Михаил Пришвин - Дневники 1920-1922
5 Апреля. Серо и тепло, манит на охоту. На Рясне вылетел вне выстрела селезень, у меня мелькнуло: может быть, вылетит утка, и в этот момент я приготовился, и в тот же момент она вылетела и подстреленная стала спускаться к воде, Флейта ее перехватила. Ура! На Петино рождение утка. Добрался до Чистика, спугнул тетеревиный ток, токует много бекасов, свистят кроншнепы, чибисы.
Вечерняя заря чистая, солнце садится за холмом, потемнели сначала нижние елочки, бор стал малиновым; последняя самая высокая вершина одной гордой сосны померкла при пении черного дрозда, бор заснул могилою, закричала сова.
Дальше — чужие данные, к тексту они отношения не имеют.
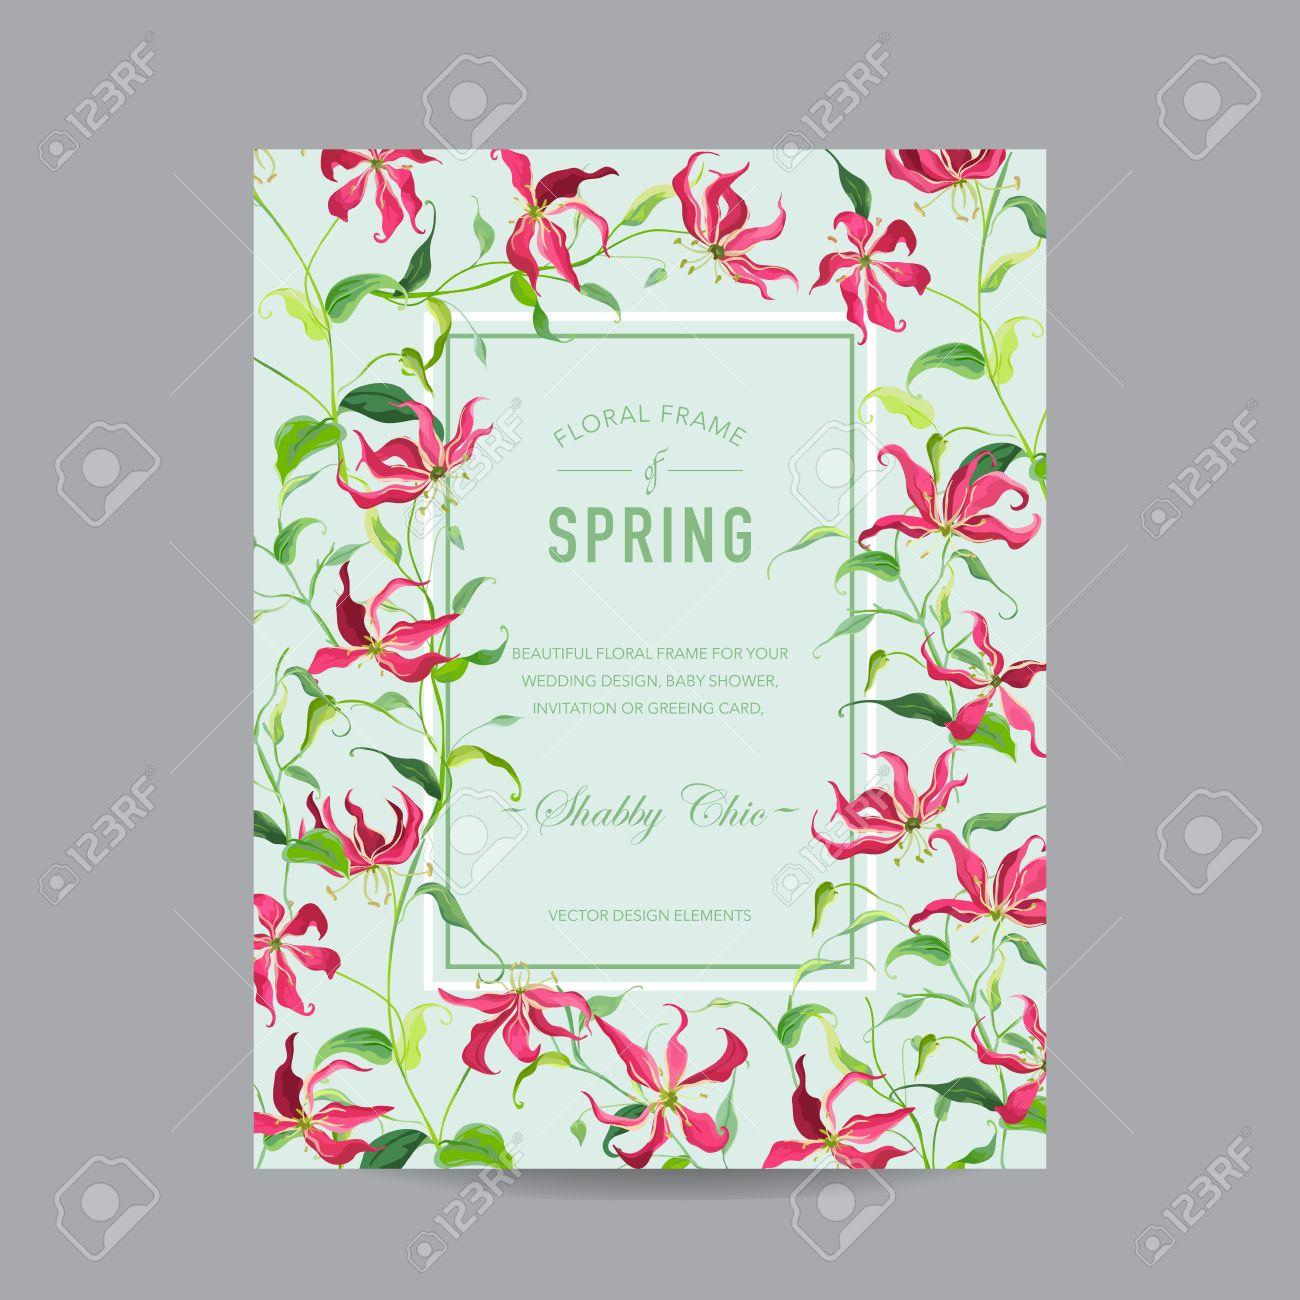 Standard Bild   Tropische Blumen Bunte Rahmen   Für Einladung, Hochzeit,  Baby Dusche Karte   In Vektor
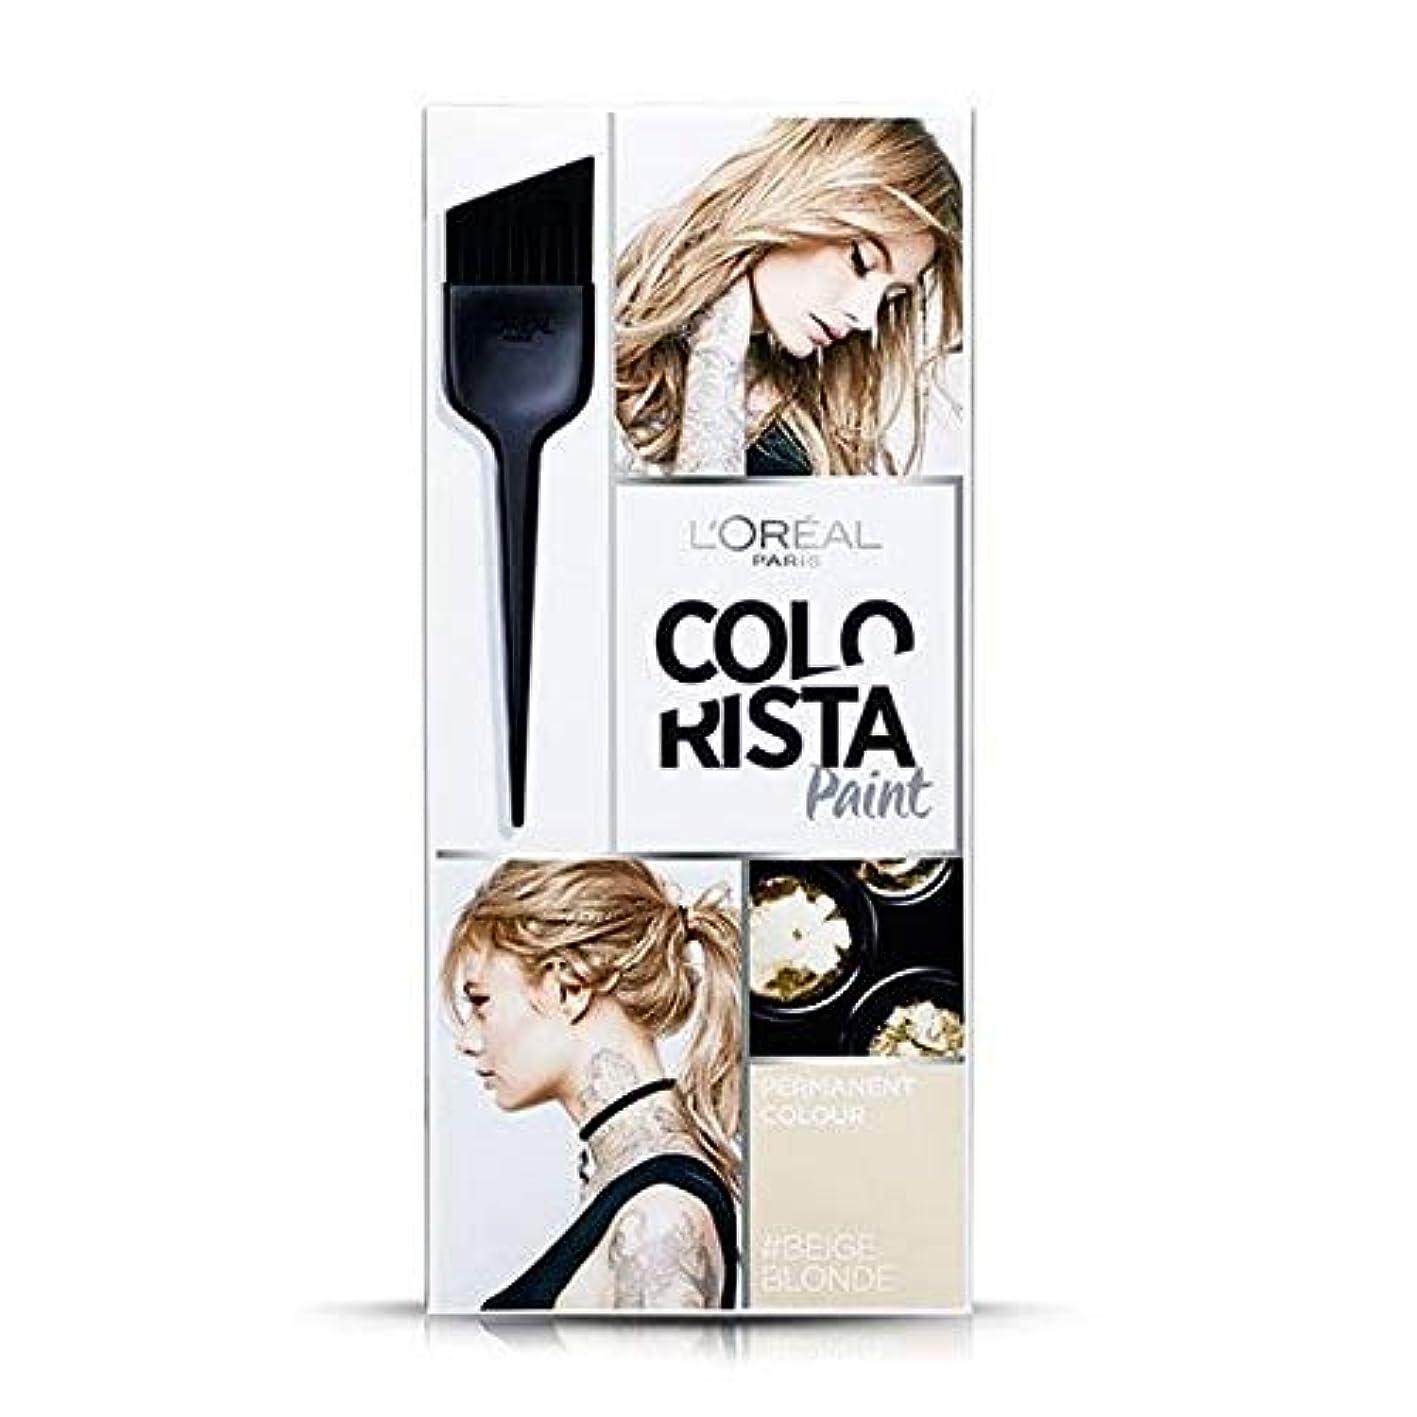 月面つば保護する[Colorista] ベージュブロンドの髪の色素をペイントColorista - Colorista Paint Beige Blonde Hair Dye [並行輸入品]

Бывало, ходишь так на тягу, стоишь, прислушиваешься: какая могучая тишина, какая богатая пустыня! и страшно было думать, что через сто (сто!) лет эти немые богатства русской земли будут раскопаны, везде будут железные дороги, фабрики, фермы, заборы, нельзя будет пойти во всю ширь с котомкою, страх за сто лет! и вот в один-два года эта могучая пустыня покрылась паутиной исполкомов «организованного пролетариата». В один-два года леса были так исковерканы, завалены сучьями и макушками, что цветы и трава не выросли и за грибами невозможно пройти, озера опустели — всю рыбу повыловили, птицы куда-то разлетелись, и только волки да лисицы заполонили округа; лес, вода, земля, все изгажено, и только небо, общее всем и недоступное, по-прежнему сияет над этою гадостью.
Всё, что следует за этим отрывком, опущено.